И вот уже тянется из трубы белесый березовый дым. Запах этого дыма все вокруг делает родным, домашним: и черную землю с пожухлой ботвой, и мелкий дождь-ситничек, и туманного цвета небо.
После бани Андрей уселся за стол, где рядом со сковородой картошки рябиново подмигивал веселый графинчик. Баба Граня тоже не погнушалась рюмочкой: при случае да когда есть компания, могла немного выпить – жизнелюбивая и крепкая, как гриб-волнушка, работница, певунья… Но все же возраст такой, что в любой момент – жди. Сосед у ней вон тоже был крепкий сухой старик. Зубы все свои! А лег однажды спать – и все, ангелы в раю его добудились. Так что Андрей был отправлен в Дальний Лог не просто так, а с расчетом: если что – ухаживать и, когда придет срок (молчаливо подразумевалось родней), схоронить.
Да только не мы это решаем, кому кого хоронить. Будет, будет стоять баба Граня в черном платке, вцепившись негнущимися пальцами в край гроба – с таким лицом, что никто к ней не рискнет подойти. Одна только Людмила, старая подружка, скажет сурово:
– Не ты его ро́стила, и стыд не твой.
А тех, кто ро́стил и чей был стыд, – тех не будет: погода не даст вырваться с северов, куда дочь уехала за мужем, а тот за длинным рублем. Эх… Рубль-то, может, и длинен, да жизнь коротка.
Людмила стояла рядом и все понимала, а ее внучка Светка рыдала по Андрюхе, как по жениху.

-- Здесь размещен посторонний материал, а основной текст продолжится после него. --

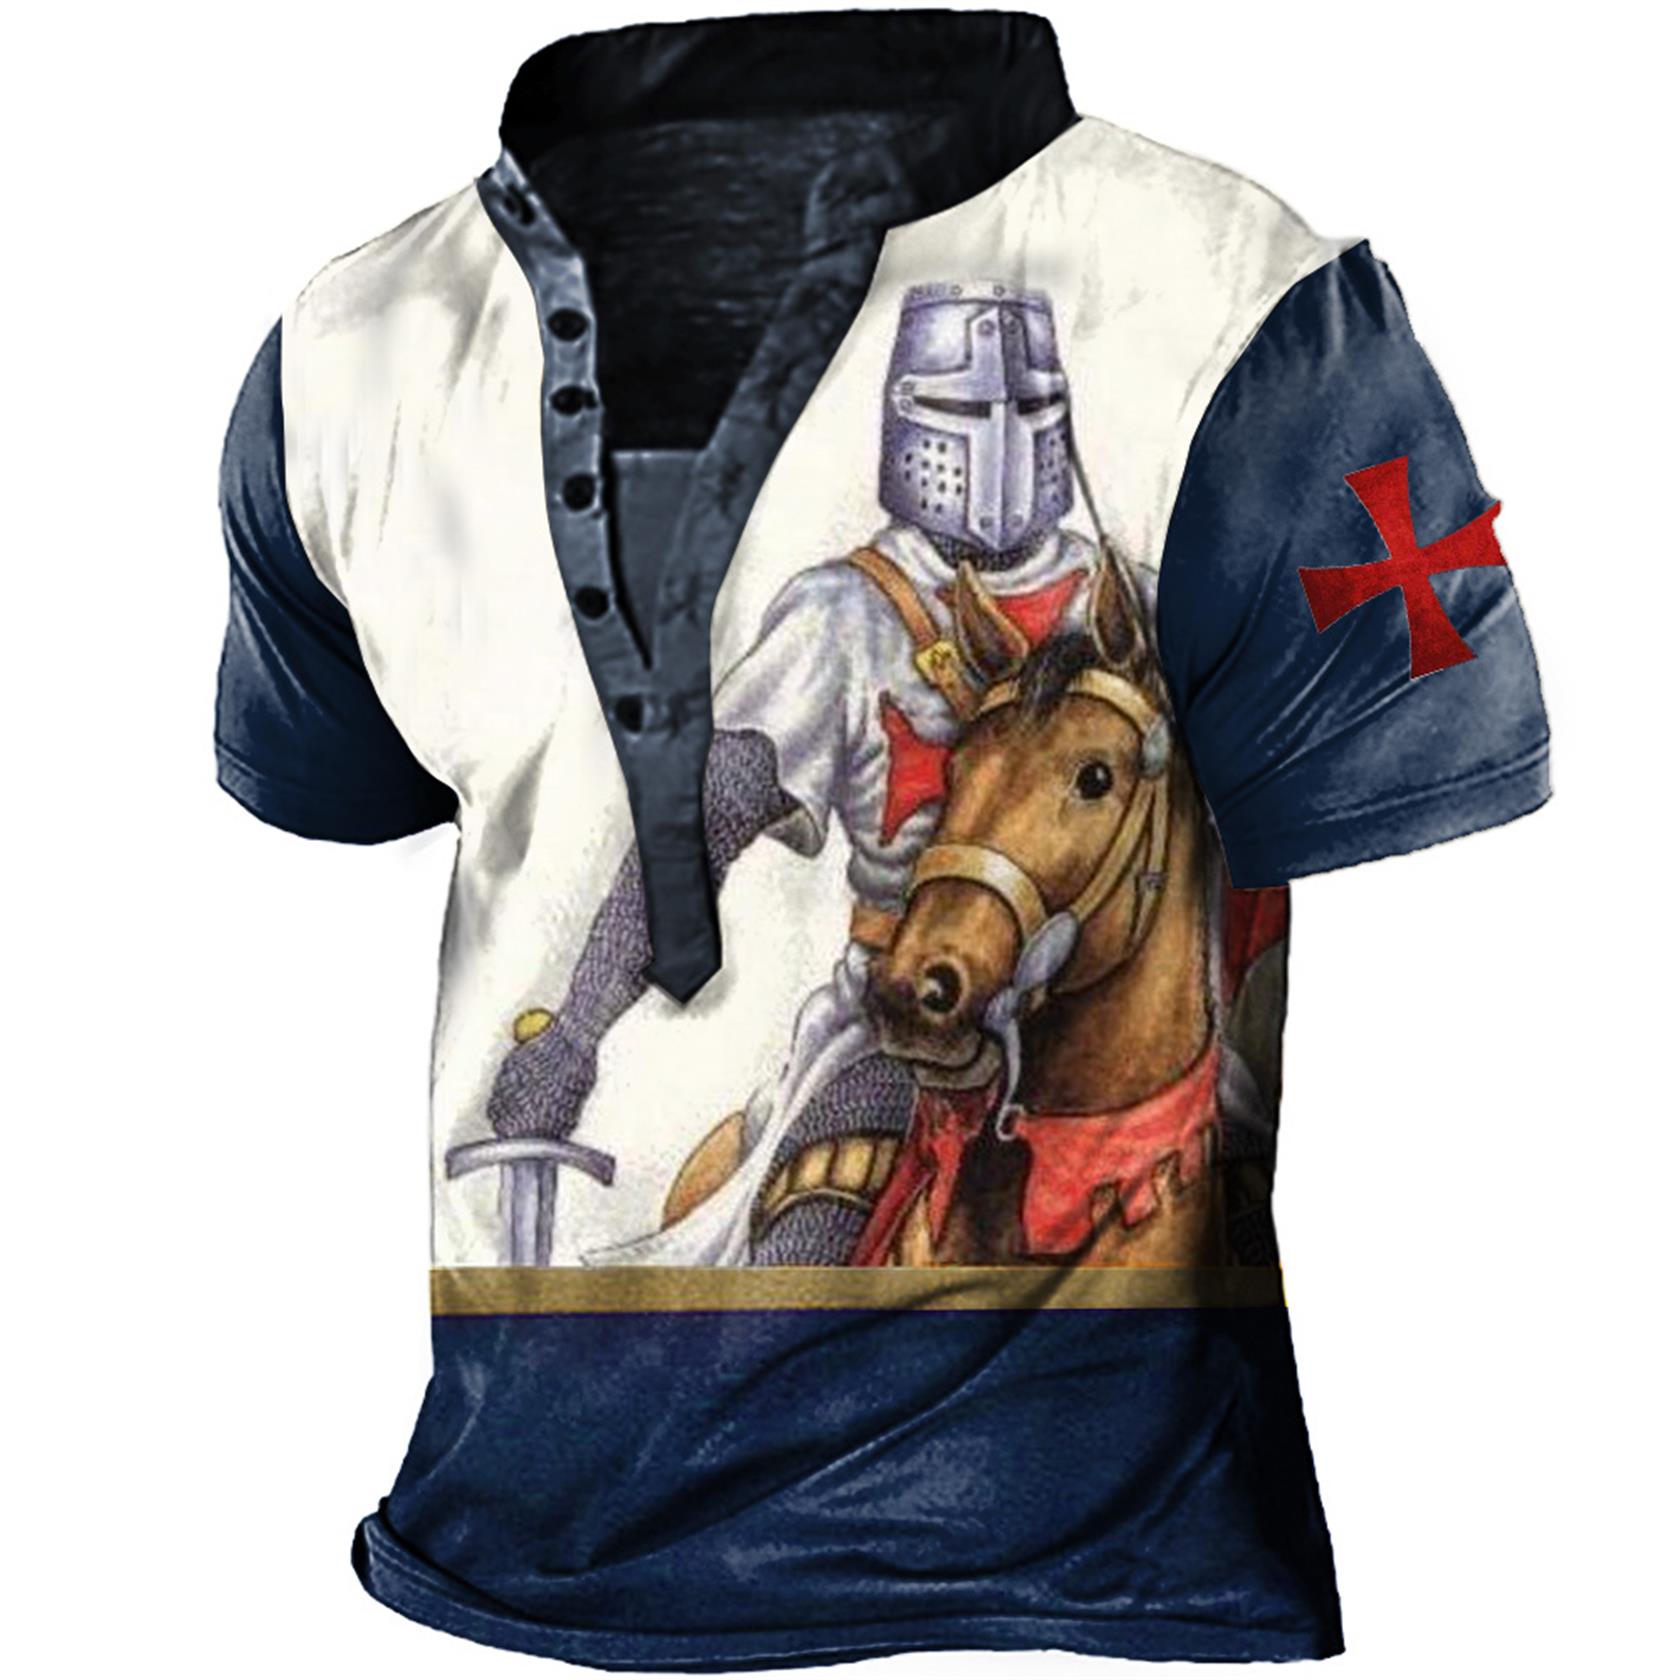 Men's Outdoor Knights Templar Print Chic Henley T-shirt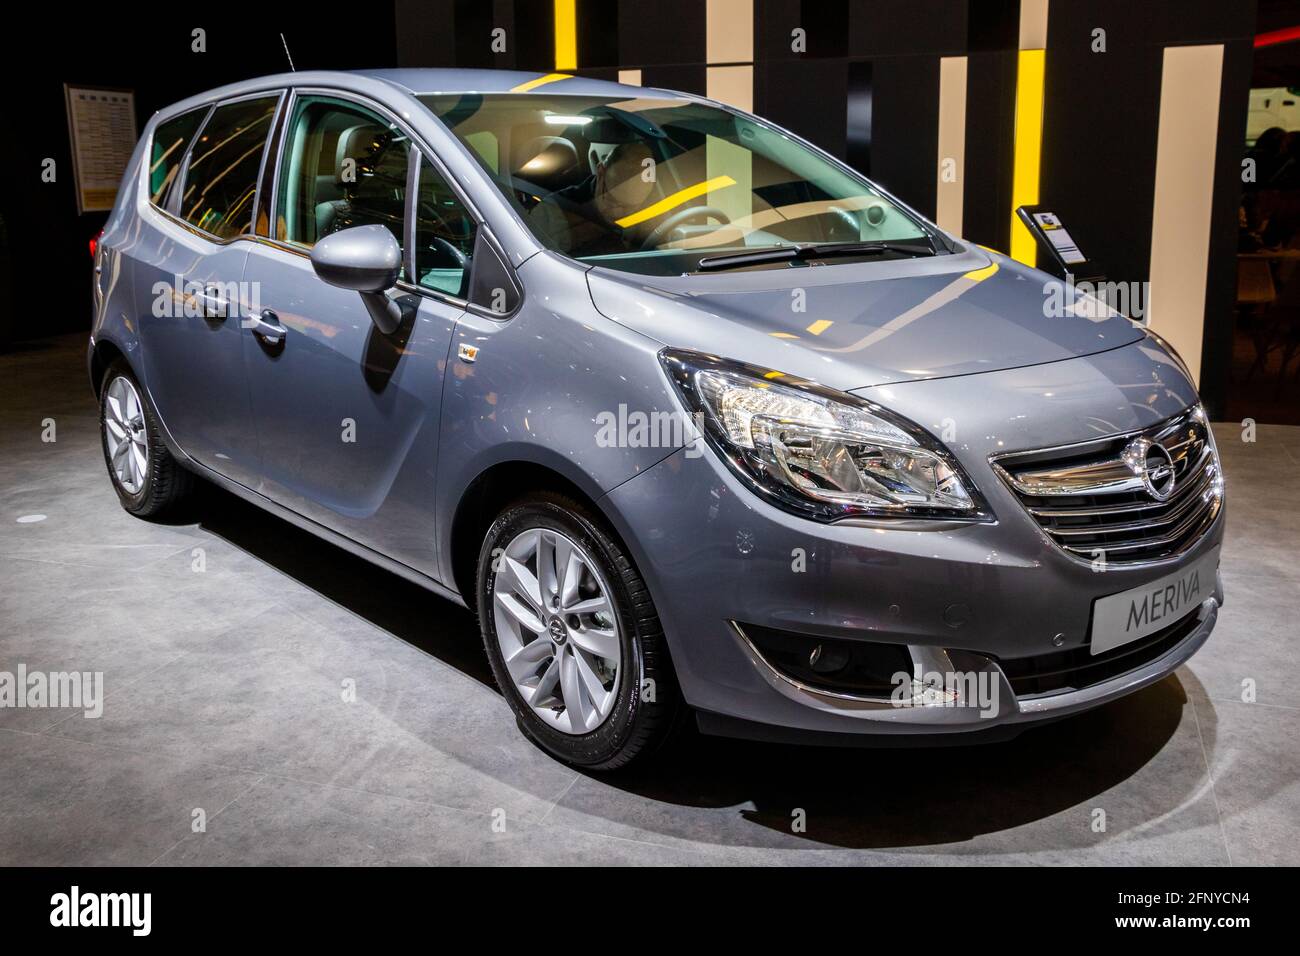 57 fotos e imágenes de Opel Meriva - Getty Images

Дура Светка. Радовалась: любо-овь! Какая любовь? Так, голодуха: парень только из армии. Что сама втрескалась по уши – это понятно: видный он, Андрюха-то. Глаза голубущие! – в отца, собаку, пошел… Справный парень, да и не бездельник: не успел приехать – к автомеханикам пристроился, Костян помог. Да-а… Баба Граня поджала губы. Где он теперь, Костян? Матери и той не звонил ни разу. Может, тоже в живых нет? Мало ли кто по дорогам нынче гоняет.
Костя-дальнобой приходился Андрею двоюродным братом. С ним, между его рейсами, можно было отлично посидеть, взяв бутылку беленькой.
– Светка твоя ниче такая. – Костя подмигивал и хрустел баб-Граниной капустой. Умеет квасить капусту баба Граня! С хреном, с клюковкой…
– Светка? Ниче. – Андрей глотнул водки. Поморщился. – Но, знаешь, она как бы это, ну… Что скажу, то и делает.
– Так радуйся!
– Че радоваться? У бабы характер должен быть. Она же баба, а не корова.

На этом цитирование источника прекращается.